The boiling limit is associated with a radial thermal power density which is generally expressed in W/m ² : it is proportional to the surface area of the heat pipe evaporator, that is to say that for the same design (same cross section over the entire length of the evaporator), the boiling limit, expressed in W, of a heat pipe whose evaporator length is 10 centimeters is half that of a heat pipe whose evaporator length is 10 centimeters evaporator length is 20 centimeters.

avec Geq qui est la conductance équivalente au niveau de l'évaporateur (en W/K), et ΔTsurchauffe, le gradient de température entre la paroi et la température vapeur nécessaire à l'apparition d'une bulle (en K).The maximum thermal power before the boiling limit appears is given by the following equation: $$Q_{\mathrm{e}\mathit{boiling}}=G_{\mathit{eq}}\mathrm{\Delta }{T}_{\mathit{overheated}}|$$

with Geq which is the equivalent conductance at the evaporator (in W/K), and ΔTsuperheat, the temperature gradient between the wall and the vapor temperature necessary for the appearance of a bubble (in K).
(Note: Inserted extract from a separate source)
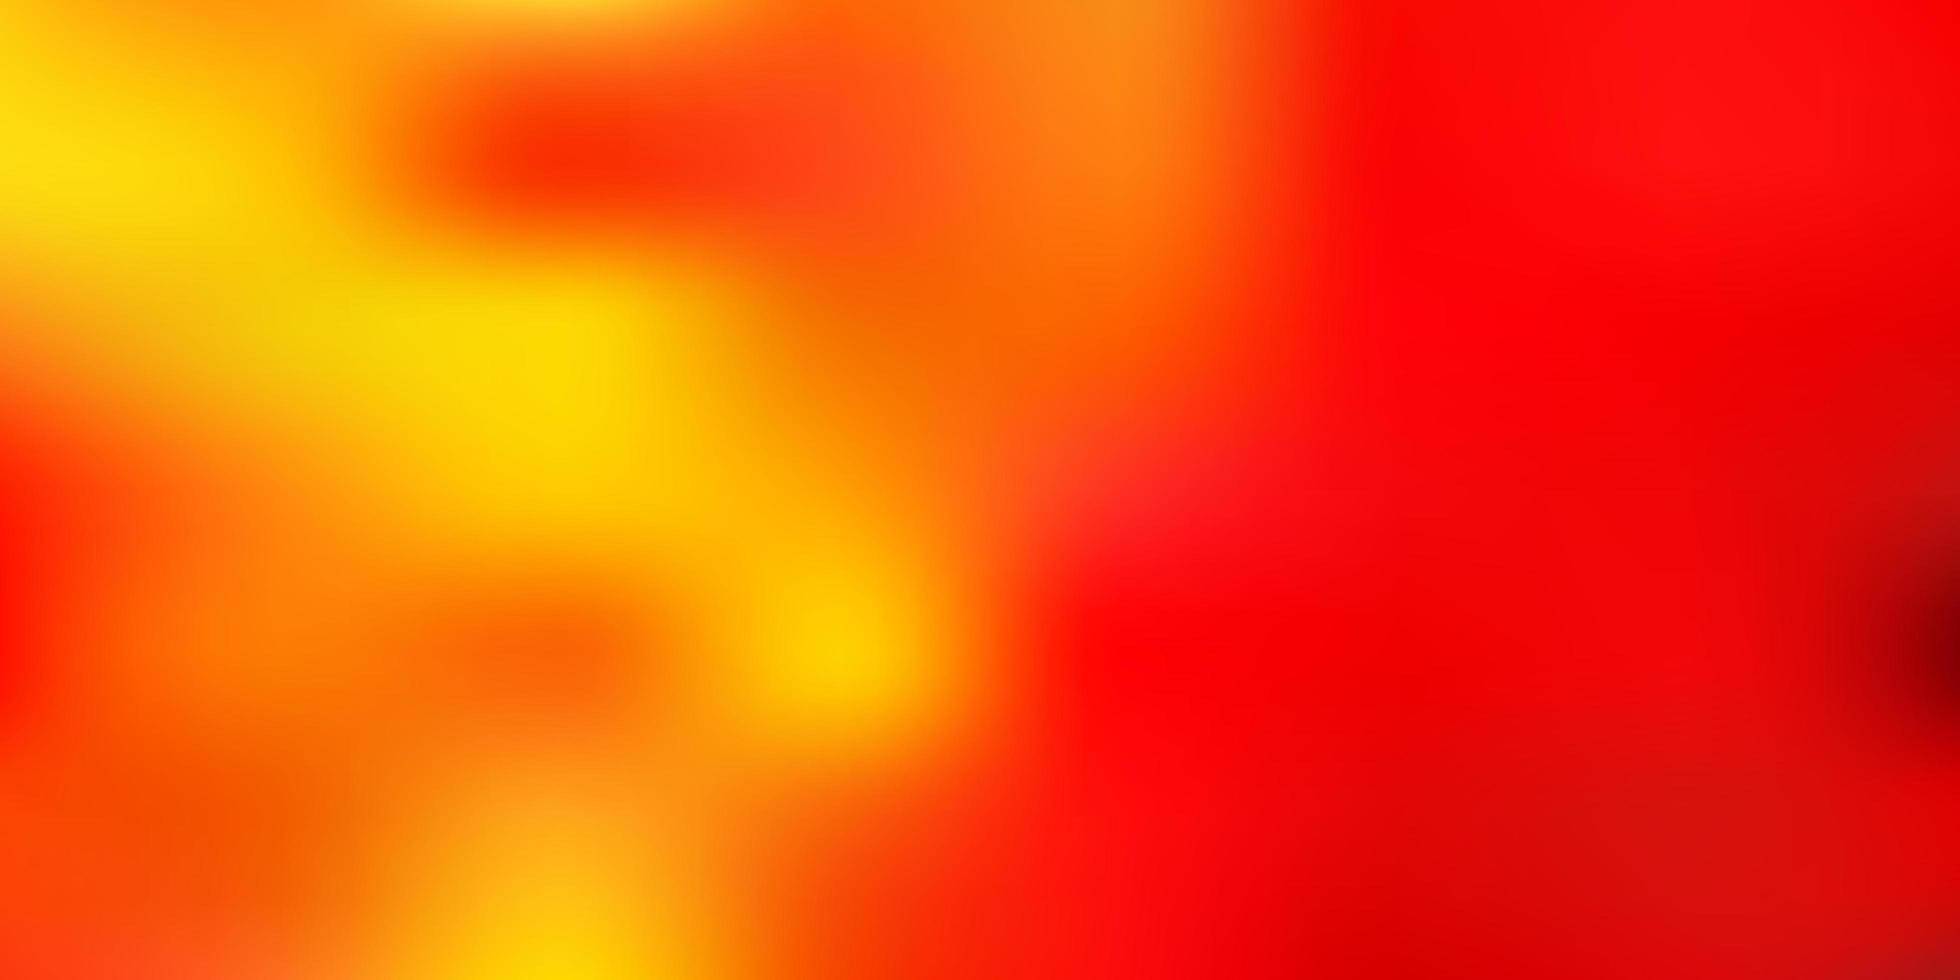 sfondo di sfocatura astratta vettoriale arancione chiaro.

dans laquelle σ1 désigne la tension superficielle du fluide (N/m), Tv la température de la vapeur ρ_v la densité de la vapeur, h_1v l'enthalpie de vaporisation du fluide, R_b le rayon des bulles et R le rayon du ménisque.Using the Clausius-Clapeyron relation, we can connect ΔTsuperheat to the radius of the bubbles: $$\mathrm{\Delta }{T}_{\mathit{overheated}}=\frac{{\sigma }_L{T}_v}{{\rho }_v{h}_{\mathit{lv}}}\left(\frac{1}{R_b}-\frac{1}{R}\right)$$

in which σ1 designates the surface tension of the fluid (N/m), Tv the temperature of the vapor ρ _v the density of the vapor, h _1v the enthalpy of vaporization of the fluid, R _b the radius of the bubbles and R the radius of the meniscus.

To push back the boiling limit, we can therefore increase the conductance at the evaporator (Geq), or increase the superheat, in particular by modifying the surface state of the liquid channels, in order to reduce the bubble radius. To do this, the roughness of the channels can be reduced, which can for example be done by carrying out electrolytic polishing of the sheets before or after machining.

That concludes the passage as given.